Replace element in vector based on first letter of character string

Consider the vectors below:

ID <- c("A1","B1","C1","A2","B2","C2","Av1")

names <- c("ALPHA","BRAVO","CHARLIE","AVOCADO")


I want to replace the first character of each element in vector
ID
with vector
names
based on the first letter of vector
names
. I also want to add a
_0
before each number.

Note that the elements
Av1
and
AVOCADO
throw things off a bit, especially with the lowercase
v
in
Av1
.

The result should look like this:

res <- c("ALPHA_01","BRAVO_01","CHARLIE_01","ALPHA_02","BRAVO_02","CHARLIE_02", "AVOCADO_01")
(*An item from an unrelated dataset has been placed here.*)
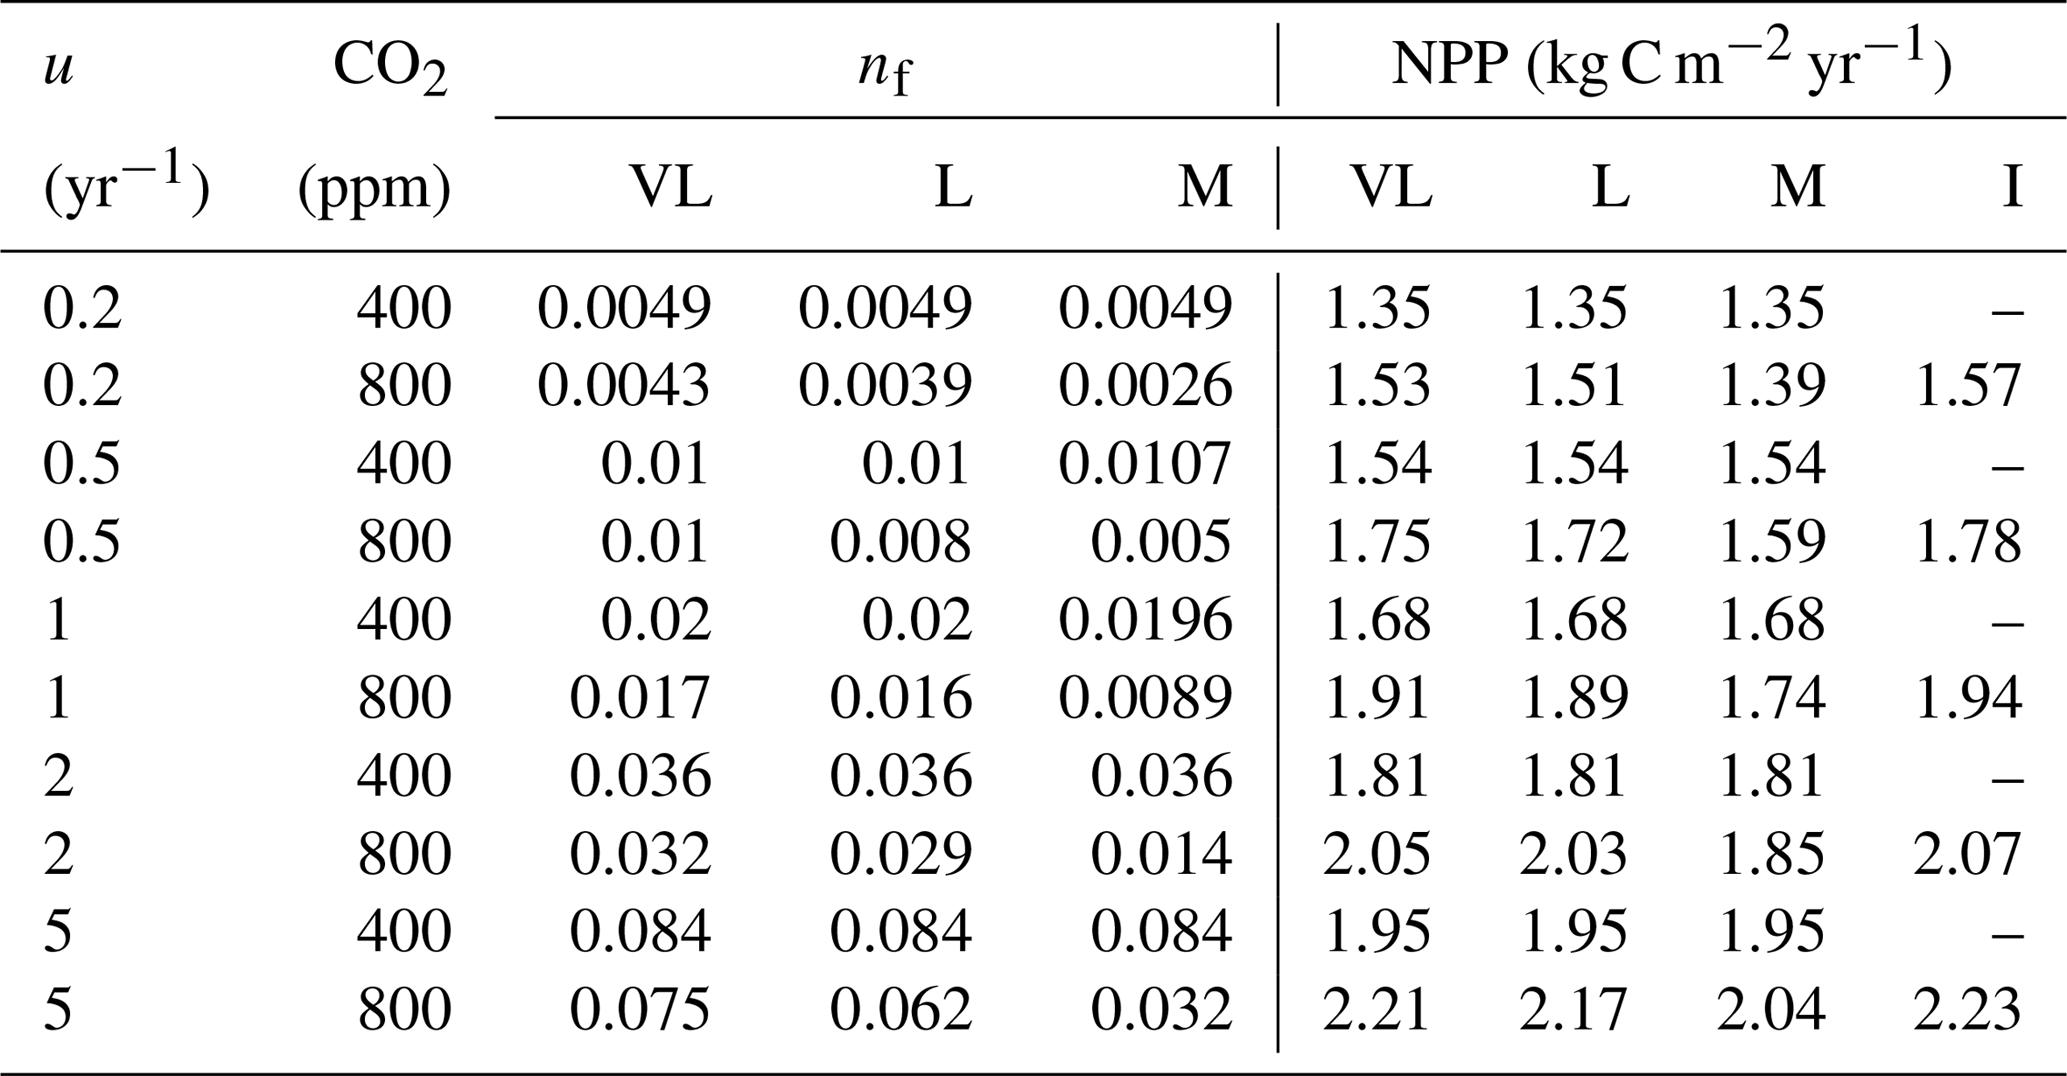 GMD - The quasi-equilibrium framework revisited: analyzing
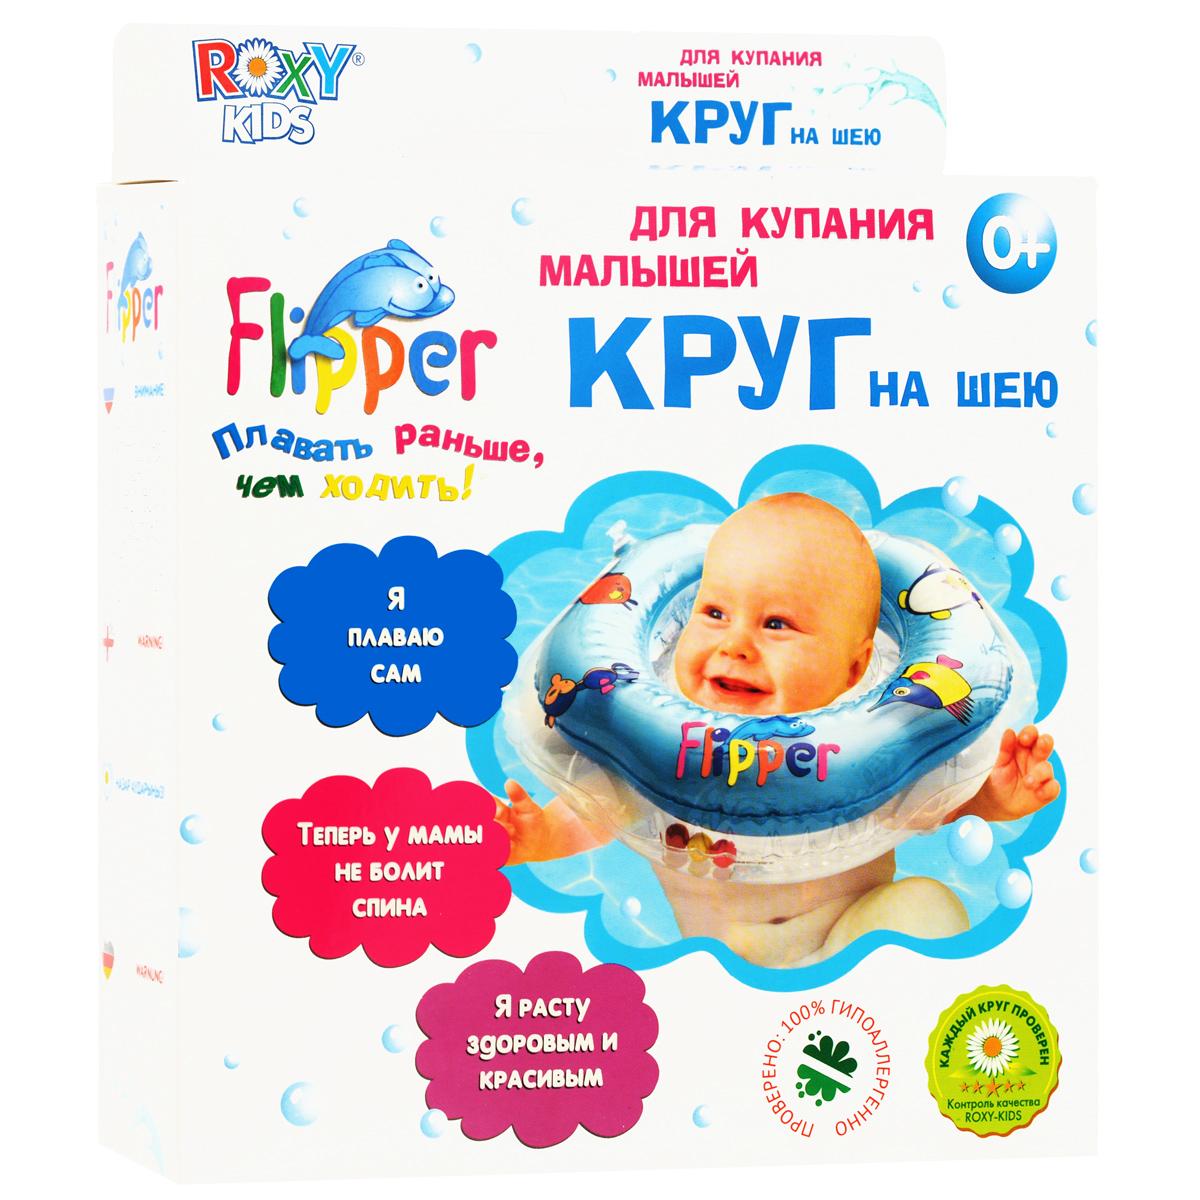 "Круг на шею для купания Roxy-Kids ""Flipper"", цвет: голубой"

I know it should be done with
regex
but I've been trying for 2 days now and haven't got anywhere.

Answer

We can use gsubfn.

library(gsubfn)
#remove the number part from 'ID' (using `sub`) and get the unique elements
nm1 <- unique(sub("\\d+", "", ID))
#using gsubfn, replace the non-numeric elements with the matching 
#key/value pair in the replacement
#finally format to add the "_" with sub
sub("(\\d+)$", "_0\\1", gsubfn("(\\D+)", as.list(setNames(names, nm1)), ID))
#[1] "ALPHA_01"   "BRAVO_01"   "CHARLIE_01" "ALPHA_02" 
#[5] "BRAVO_02"   "CHARLIE_02" "AVOCADO_01"

The (\\d+) indicates one or more numeric elements, and (\\D+) is one or more non-numeric elements. We are wrapping it within the brackets to capture as a group and replace it with the backreference (\\1 - as it is the first backreference for the captured group).